AstroNova, Inc. (NASDAQ: ALOT) specializes in data visualization technology, offering products and services across various industries, including aerospace, automotive, and packaging. The company competes with other firms in the data visualization and printing sectors. On June 17, 2025, Quain Mitchell I, a director at AstroNova, made a significant investment by purchasing 10,000 shares at $9.05 each, thereby increasing his total holdings to 97,719 shares.

This strategic purchase by Quain Mitchell I aligns with AstroNova's ongoing efforts to bolster accountability and transparency, as emphasized in a recent shareholder letter. The board's dedication to responsible governance is designed to foster investor trust and confidence, which is vital given the company's current financial metrics. AstroNova's price-to-earnings (P/E) ratio stands at -4.33, signaling negative earnings, a potential red flag for investors.

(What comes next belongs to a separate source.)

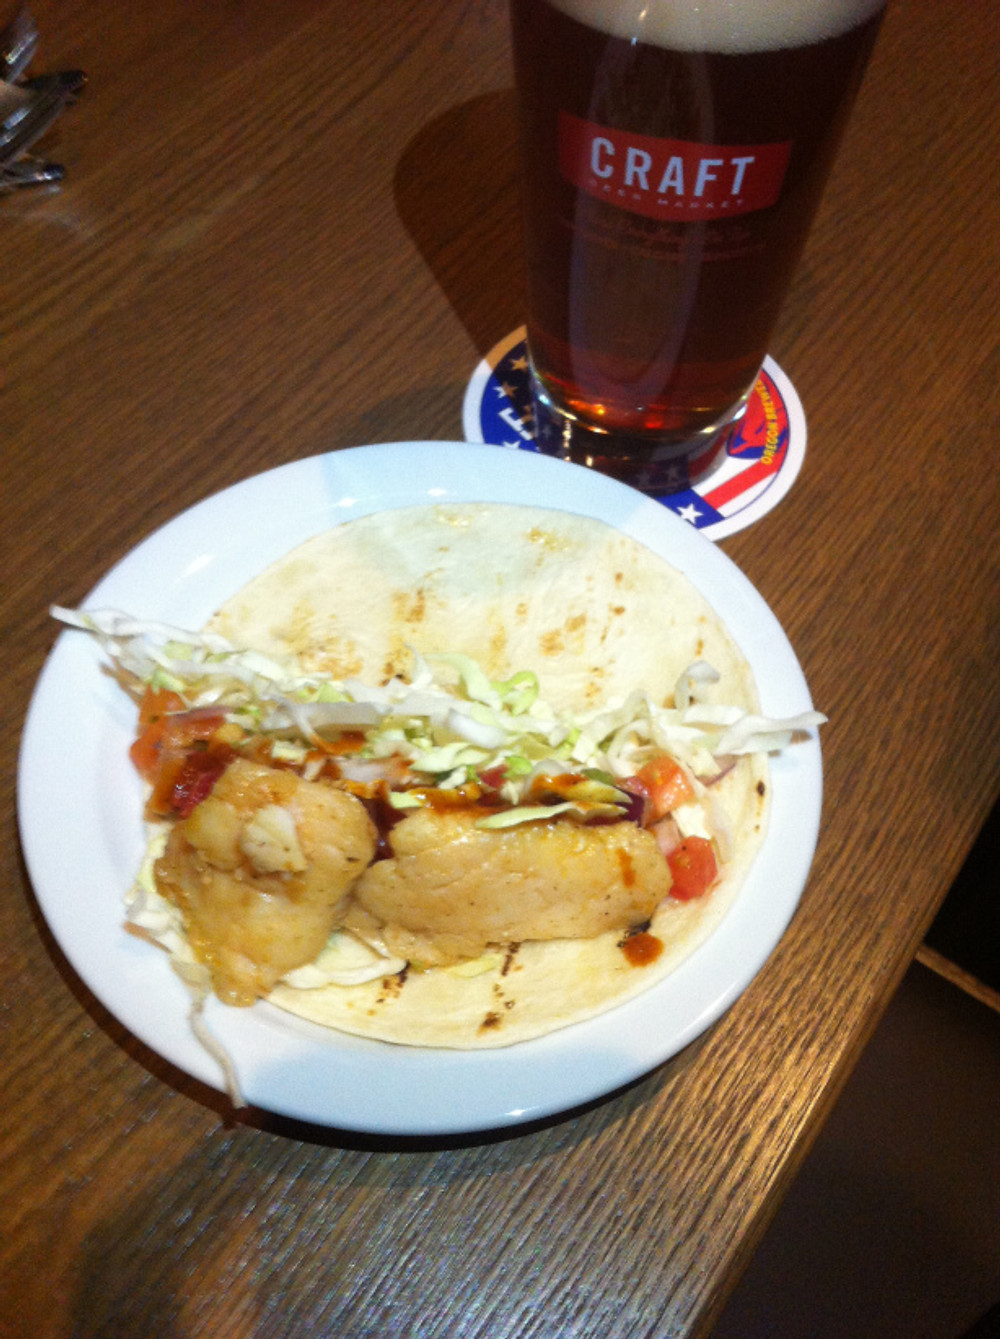 Craft Beer Market Fish Tacos

Despite these challenges, AstroNova's price-to-sales ratio of 0.45 indicates that the stock is priced at 45 cents for every dollar of sales, potentially appealing to investors seeking undervalued opportunities. The enterprise value to sales ratio of 0.71 offers a broader view of the company's market valuation in relation to its sales.

The company's financial stability is also evident in its debt-to-equity ratio of 0.61, suggesting a moderate level of debt management. Furthermore, a current ratio of 1.67 indicates that AstroNova has sufficient current assets to meet its short-term liabilities, providing a safety net for financial obligations. However, the enterprise value to operating cash flow ratio of 47.68, combined with an earnings yield of -23.10%, underscores the challenges AstroNova faces in its earnings performance. Nevertheless, the company's initiatives to improve governance and transparency could mitigate these issues and bolster long-term investor confidence.